Reprodução/ Câmara de SP

Mesmo com o ministro do Supremo Tribunal Federal (STF), Alexandre de Moraes, tendo determinado a suspensão da resolução do Conselho Federal de Medicina (CFM) que proíbe médicos de realizarem a chamada "assistolia fetal", Raphael Câmara - autor da norma - defendeu a proposta na Câmara Municipal de São Paulo, em sessão da CPI de Violência e Assédio Sexual.

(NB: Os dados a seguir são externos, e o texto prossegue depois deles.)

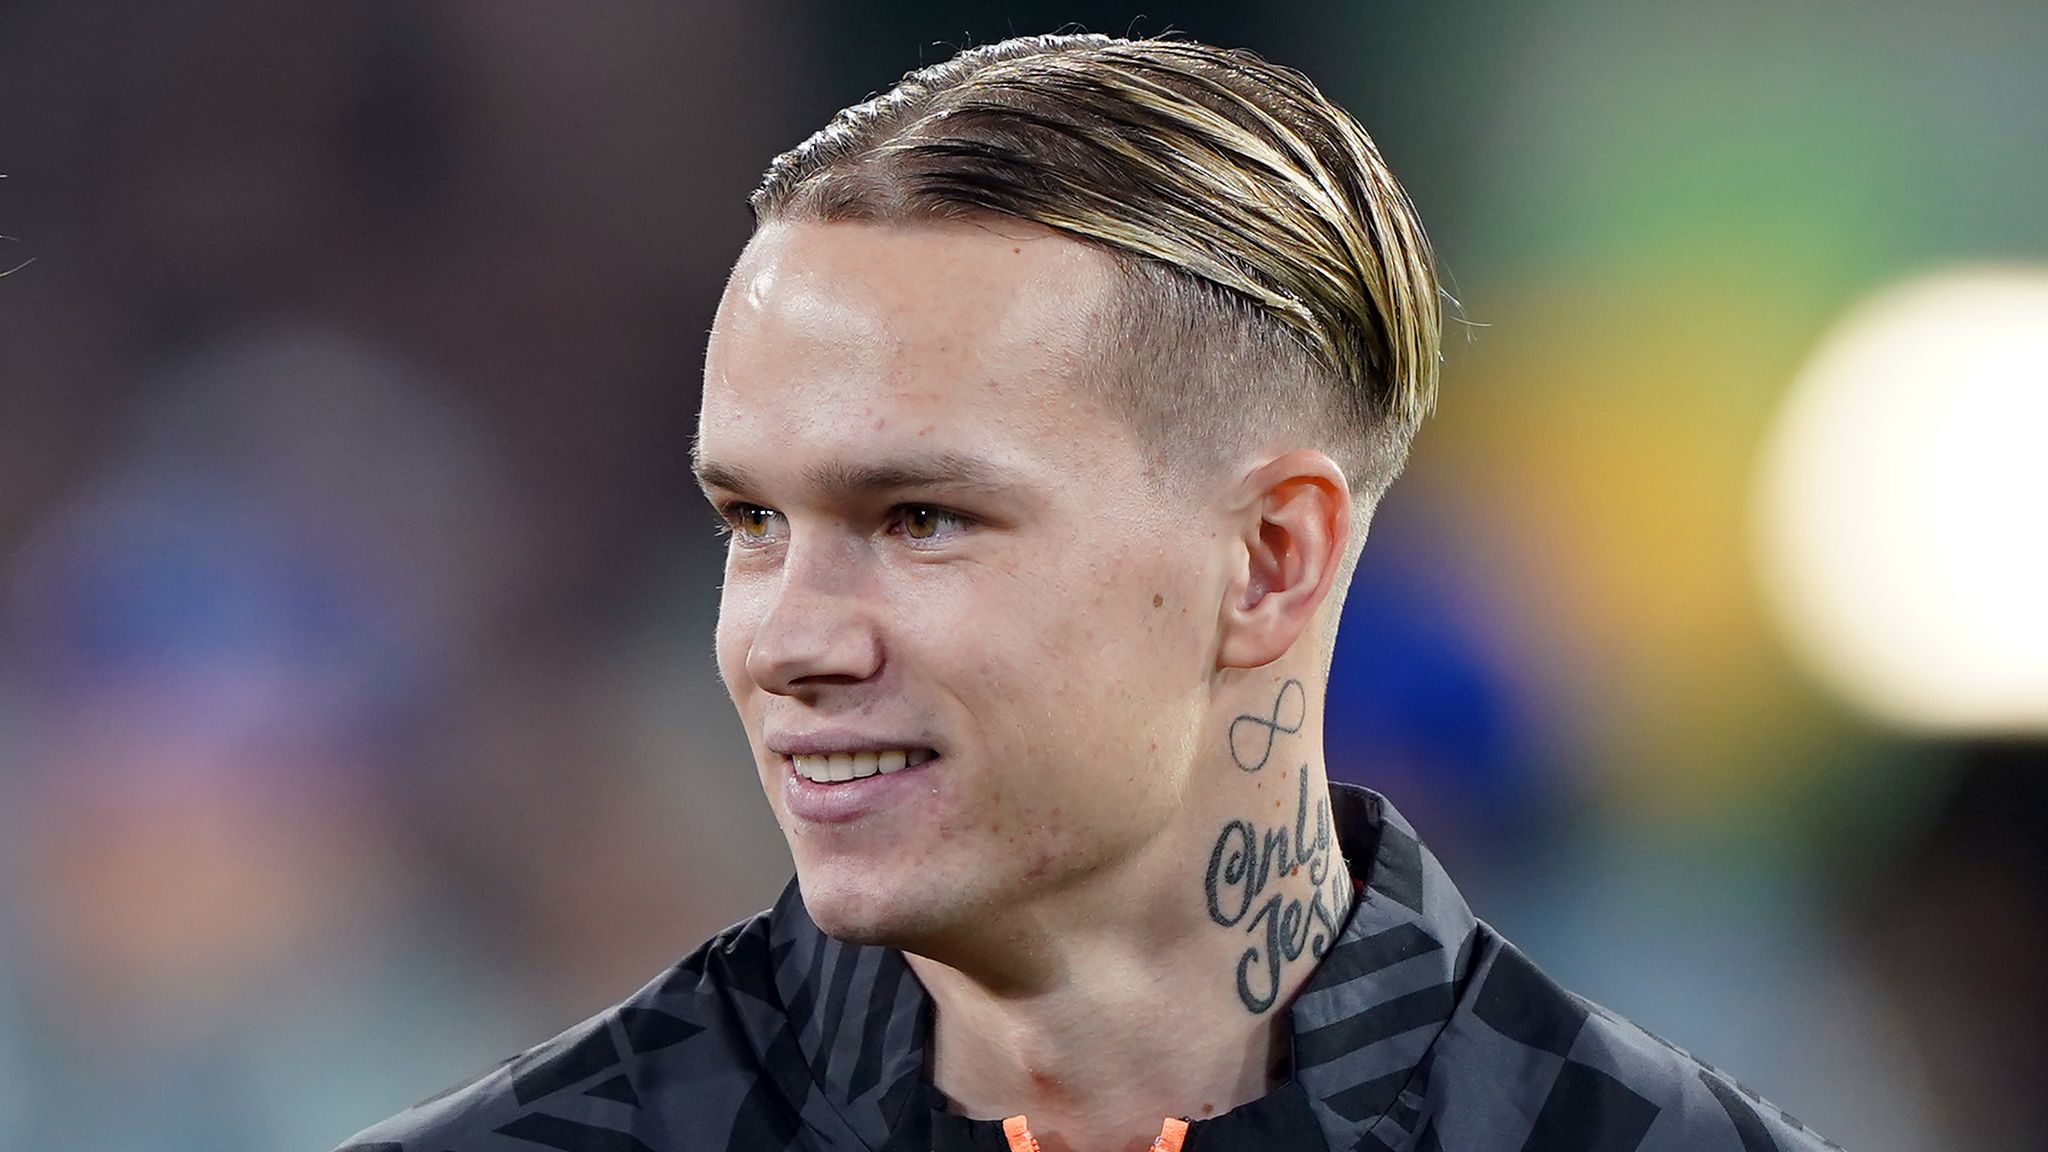 Mykhailo Mudryk: Arsenal and Chelsea target in demand after rapid rise to prominence with Shakhtar Donetsk | Football News | Sky Sports

A norma do CFM, derrubada por Moraes, impedia que os profissionais de saúde fizessem esse procedimento para interromper gravidezes com mais de 22 semanas.

A assistolia fetal consiste em uma injeção de produtos que induz à parada do batimento do coração do feto antes de ser retirado do útero da mulher.

O procedimento é recomendado pela Organização Mundial da Saúde (OMS) para casos de aborto legal acima de 22 semanas.

O aborto legal é um procedimento de interrupção de gestação autorizado pela legislação brasileira e que deve ser oferecido gratuitamente pelo Sistema Único de Saúde (SUS). É permitido nos casos em que a gravidez é decorrente de estupro, quando há risco à vida da gestante ou quando há um diagnóstico de anencefalia do feto.

Não existe limite gestacional para a realização do aborto legal no Brasil.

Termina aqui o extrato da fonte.